Nietzsche thinks the mischaracterization of Jesus came from misunderstandings of the original symbolism of his life and teachings, and Christian missionaries spread these resulting errors to the masses.
Modern Christianity, he says, is the priests’ tool for exerting dominion over the world. The Gospels are the reverse of how Jesus actually lived. In Nietzsche’s view, the only true Christian to have ever lived was Jesus Christ himself. Everything that came after cannot be Christian because of the lies told by the priests.
Jesus was a disturber of the existing order of power and was executed for his revolutionary activities. He died free of ressentiment, but his disciples—the apostles—became consumed by it. As revenge, they elevated Jesus to godhood.
Section 41–50
Among the apostles, the one most at fault was Saint Paul, who preached a false gospel built upon abstract ideas detached from Jesus’s very real life. Jesus’s life, Nietzsche claims, demonstrated the possibility of unity between God and man; Jesus had eliminated the very concept of guilt. Paul intentionally reversed this achievement. He is responsible for the “death” of Christ and of his authentic gospel.

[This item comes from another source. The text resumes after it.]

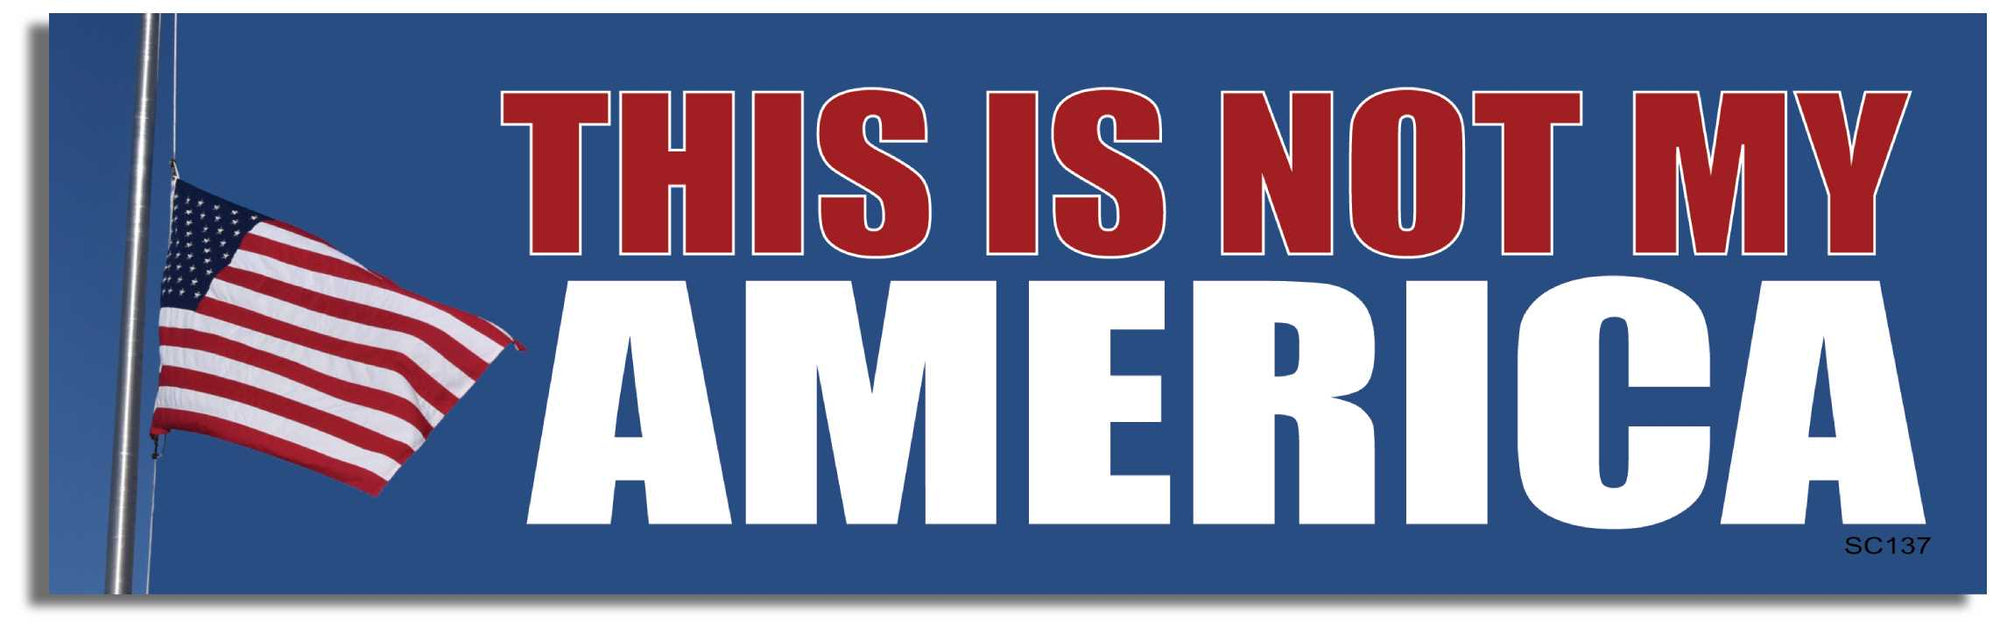 This is not my America-  3" x 10" Bumper Sticker--Car Magnet- -  Decal Bumper Sticker-political Bumper Sticker Car Magnet This is not my America-   Decal for carsnew age, yoga

St. Paul… gave a logical quality to that conception, that indecent conception, in this way: “If Christ did not rise from the dead, then all our faith is in vain!” — And at once there sprang from the Gospels the most contemptible of all unfulfillable promises, the shameless doctrine of personal immortality…. Paul even preached it as a reward….
The origin of Christianity—Jesus Christ—was thus similar to Buddhism: a peace movement. But after Jesus’s death, Christianity changed. Whereas Buddhism promises nothing yet fulfills it, Christianity promises everything and fulfills nothing.
Christianity shifts the focus away from life and toward the “beyond,” toward nothingness. Paul’s great lie of personal immortality destroys all meaning: life here no longer matters if everything meaningful is supposedly waiting beyond it.
The Christian doctrine of the immortal soul destroys all natural hierarchy and distance between people. Nietzsche argues it fosters attitudes like “the world revolves around me” and “the same rights for everyone.” This universal promise of immortality was, for Nietzsche, the greatest and most destructive assault on humanity. Christianity is the revolt of everything low against everything high.
Morality, in this view, becomes a device for leading humankind by the nose.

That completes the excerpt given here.